Private data and personal messages of around 120 million Facebook users at risk
An investigation found that Russian hackers were trading personal messages from Facebook of over 81,000 users online. A report by the BBC Russian Service said that the perpetrators told them they had details “from a total of 120 million accounts, which they were attempting to sell, although there are reasons to be skeptical about that figure.”
The BBC report further that the accounts affected by this attack could be from Russia, Ukraine, United Kingdom, Brazil, the United States and other parts of the world.
BBC quoted a Facebook executive as saying, “We have contacted browser-makers to ensure that known malicious extensions are no longer available to download in their stores. We have also contacted law enforcement and have worked with local authorities to remove the website that displayed information from Facebook accounts.”

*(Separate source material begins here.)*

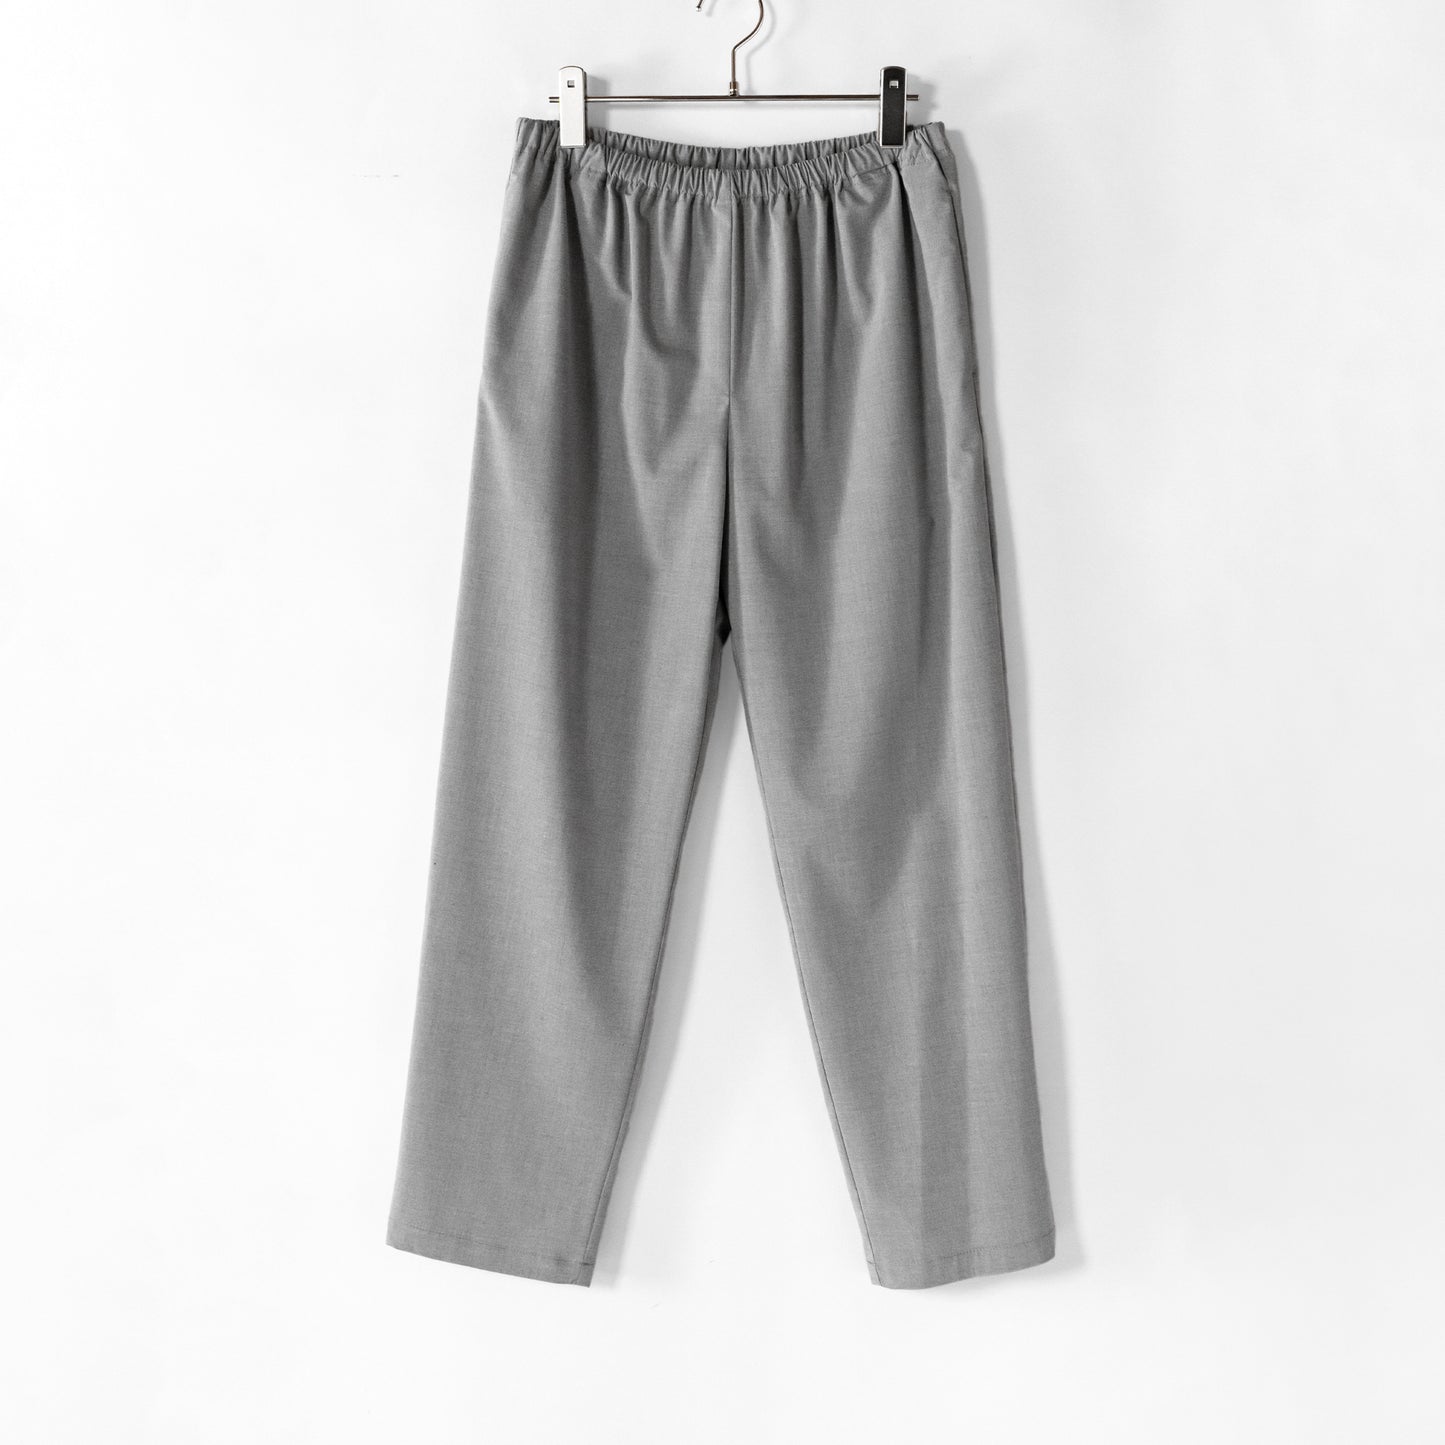 STAMP AND DIARY PEG PANTS

Facebook told the BBC News that the hack was due to a browser extension which silently monitored the activity of the victims on the site and sent private conversations and personal details back to the hackers. The company did not name any extensions it believed to have caused the attack.
The BBC cited independent cyber-experts as saying that the browser developers might share some responsibility for failing to evaluate the programs if malicious extensions were indeed actually the cause and were distributed via their marketplaces.
The hackers behind the breach, which was first detected in September, could potentially have access to 120 million user accounts.